Kiwifruit contain a type of crystal called raphides. These are believed to increase mucus production in the gut, lubricating it and helping passage of the stool.

Eating kiwifruit may also result in reduced species of methane producing bacteria, which have been linked to constipation.

Mineral water and magnesium

The researchers reported on the benefits of drinking mineral water. They suggested drinking 0.5–1.5 litres a day (roughly two to six cups) of mineral water for two to six weeks.

Why? Mineral water often contains magnesium, which acts as a laxative. Indeed, magnesium oxide is often used as a dietary supplement for chronic constipation.

The guidelines confirmed magnesium oxide can help soften the stool and increase stool frequency. The researchers recommended taking 0.5–1.5g a day for at least four weeks.

But this may not be appropriate for everyone. For instance people with kidney disease need to be careful. Magnesium supplements may also interact with other medications.

Read more: Should I take a magnesium supplement? Will it help me sleep or prevent muscle cramps?

Rye bread

The researchers cited studies showing rye bread relieves constipation more than white bread or common laxatives.

They recommended six to eight slices a day of rye bread for at least three weeks.

But this just isn’t realistic for a lot of people. And as rye contains gluten, this would not be appropriate for people with coeliac disease.

A high-fibre diet may not be needed after all

There was one key surprise in the guidelines.

The researchers said there was a lack of strong evidence for generic high-fibre diets for constipation, when people eat at least 25g of fibre a day.

Here’s the rationale. The researchers could only find one randomised controlled trial – the gold standard for testing interventions, such as a change in diet – where a high-fibre diet (25–30g/day) was compared with a low-fibre diet (15–20g/day).

This trial showed no benefit for the high-fibre diet in improving constipation. People on the low-fibre diet farted less and were less bloated than people on the high-fibre diet.

This does not mean fibre doesn’t help constipation.
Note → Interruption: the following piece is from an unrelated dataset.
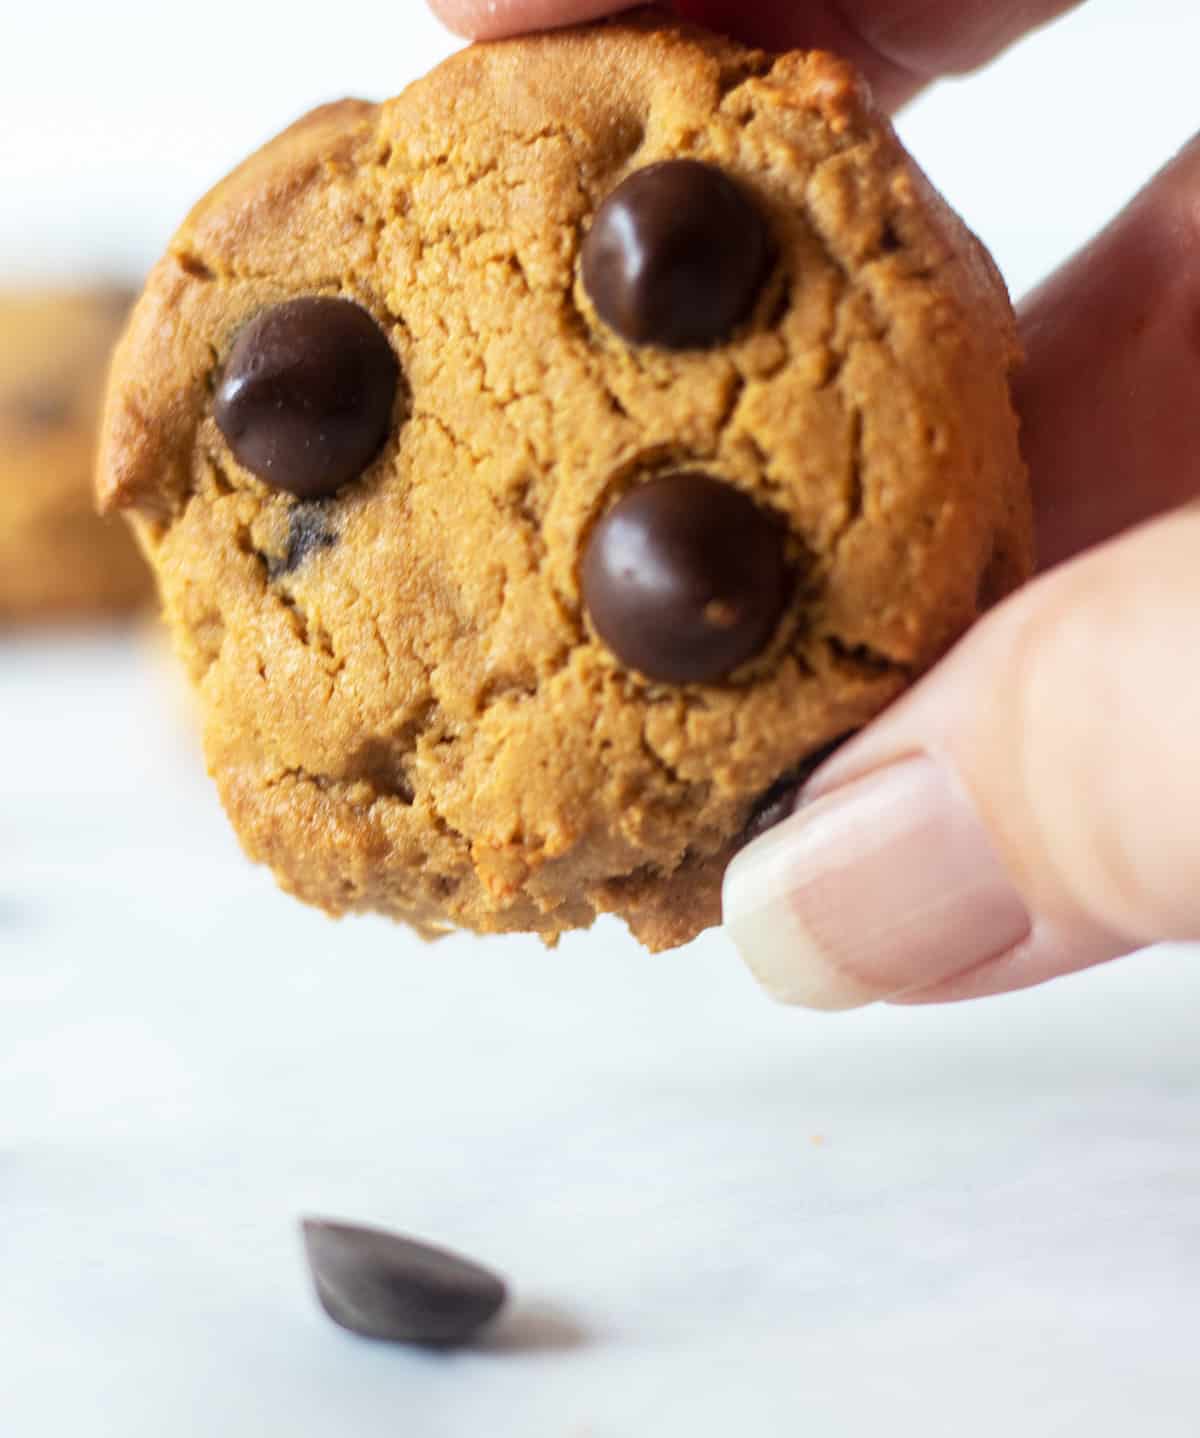 holding a coconut flour chocolate chip cookie in a hand.

There is good evidence for supplementing your diet with more fibre to help chronic constipation.

But rather than focusing on a high-fibre diet for constipation, the guidelines instead recommend taking at least 10g a day of a fibre supplement, such as psyllium.

A high-fibre diet is usually a key part of national dietary guidelines. For example the Dietary Guidelines for Americans recommends some adults have a dietary fibre intake of at least 28g a day. There are certainly health benefits such as lowered cholesterol and blood sugar levels from eating a high-fibre diet.
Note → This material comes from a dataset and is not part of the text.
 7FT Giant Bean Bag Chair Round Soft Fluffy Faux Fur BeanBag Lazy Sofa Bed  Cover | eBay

But we now know it’s not needed to relieve chronic constipation.

What can we take away from the guidelines?

These guidelines provide more personalised, evidence-based dietary advice tailored to patient symptoms than previous guidelines.

Kiwifruit are considered a safe and effective treatment for chronic constipation. Mineral water, magnesium supplements and rye bread can help too.

But it would be worth discussing magnesium supplements with a health professional, especially if there are concerns about kidney disease or you take other medications.